The thought of being home seemed foreign to him now. Even the thought of another person caring a whit about his existence seemed an impossible luxury. The idea of the freedom to organize one's own schedule was as out of place in this cell as was the feeble rays of sun the struggled to brighten the dark cell. Three full meals a day seemed gluttonous now, and eight hours of sleep a night just plain lazy. He knew that should he ever return to this haven of bliss, he would feel terribly out of place. But that only served to fuel his longings.
The days in the prison camp weren't spent entirely in solitude. Three hours of each day, the hottest of course, were given to manual labor out in the work yard. This labor was probably the only thing that really kept the memory of the war in his mind, for all the prisoner's work was in the production of war materials: blankets, bullets, food harvesting, etc. etc. He hated every minute he spent in aiding the enemy, but the chains around his wrists and ankles kept his ambitions from ever being acted upon.
Through the years, he had seen many people come and go from the camp. The comings were always accompanied by triumphant exultation's by the captors and tortured sobbing of the captive. The goings were never noticed until one, maybe two days after the fact. Most were suicides, though every now and then a guard would get carried away in his 'correction'. Whatever the case, both were treated with the same indifference. To be honest, he had contemplated suicide many times, and even envisioned many ways of accomplishing the deed. But every time he had begun to act upon the gnawing desire to end his pathetic life, he saw that little girl rush up to him and wrap her arms around his legs. And then he would look up and see the mist enshrouded form of his wife. But it wasn't just his wife. In that dim outline, he saw everything he was longing for; friendship, caring...freedom. And though he couldn't see it clearly, he knew it was there. All he had to do was to look into the sky-blue eyes staring up at him to know that.
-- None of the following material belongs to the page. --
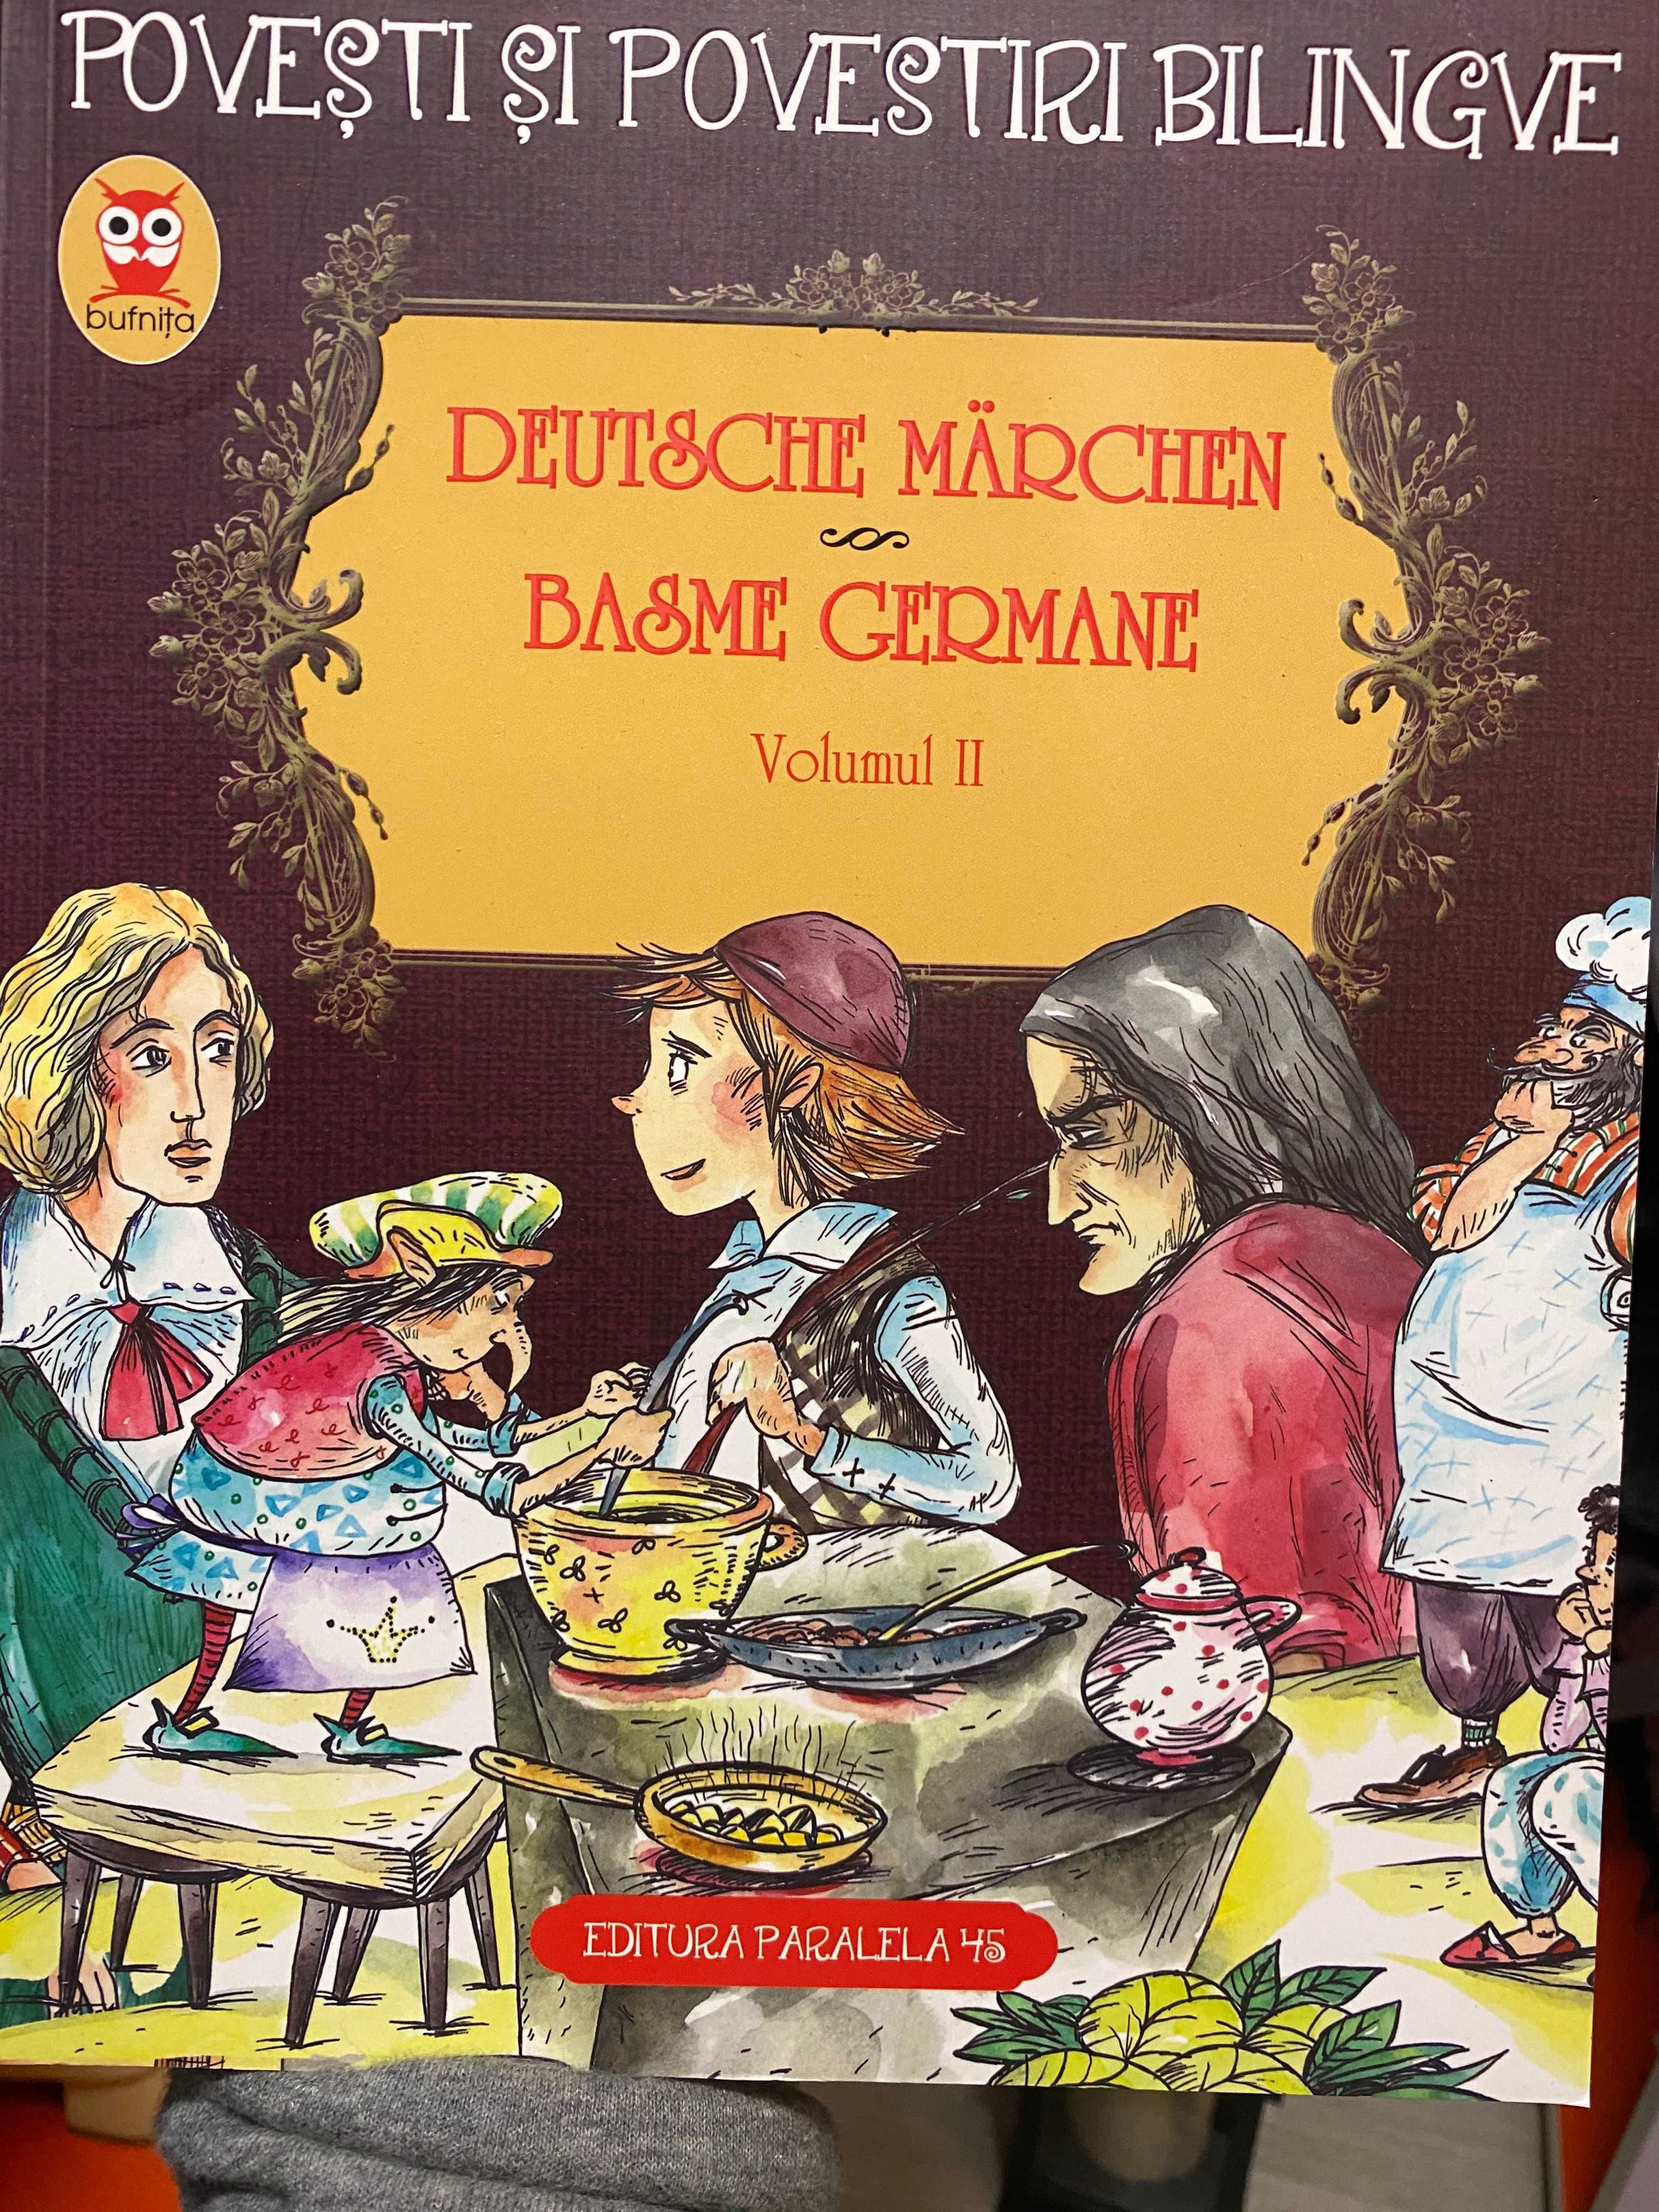 Basme Germane/Deutsche Marchen BILINGVE -3 volume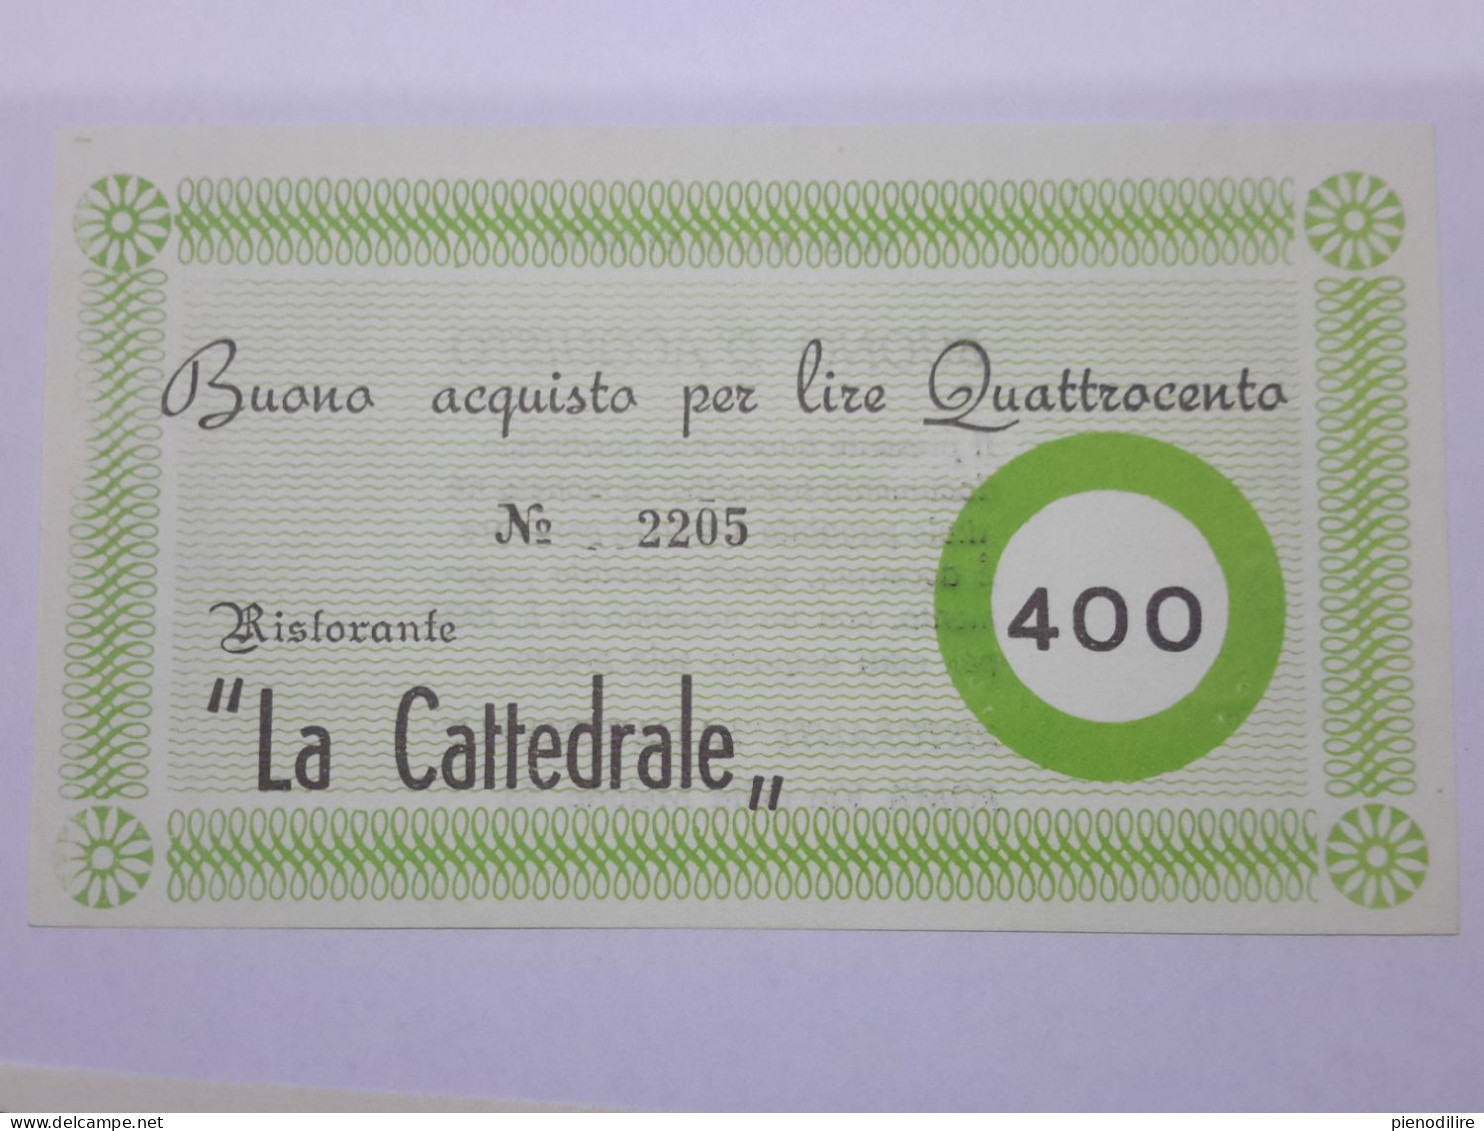 LOTTO 4Pz. 100 200 300 400 LIRE BUONI ACQUISTO RISTORANTE LA CATTEDRALE ROMA VALIDO FINO AL 31.12.1976 (A.4) - [10] Cheques En Mini-cheques

After dutifully marking his seventh year on the scarred wall, he tossed the tiny pebble into the corner. He sat down on his cot to await his food for the day. On cue, the cell door opened up, and the man looked up into the eyes of a stranger. It was then he heard the noises of fighting and shouts of protests in the language of his captors. And then the stranger spoke:
"Sir, the war is over."
The End
A couple thoughts in conclusion:
Hebrews 11:1 says, "Now faith is being sure of what we hope for and certain of what we do not see." As a Christian, one of the hardest things to cope with is the knowledge that at some point in the near future, I will sin against God. What's worse is that at the moment of the sin, I won't care. And in those moments immediately following (that is if I realize my sin so quickly) I sometimes wish I could die just so I won't sin again. But God has a plan for my life; He has people for me to touch, missions to complete in His name. And until I have completed all He has for me, I must remain bound hand and foot to this corpse that is my body. But praise God that one day my spirit will set free from this body of death and I will no longer do the sin that I do not want to do. And it is this day that I hope for. Even though the concept of heaven seems impossible remote and dim, all I have to do is to look to Jesus, whom God sent from Heaven to Earth, to know that the day of glory is coming.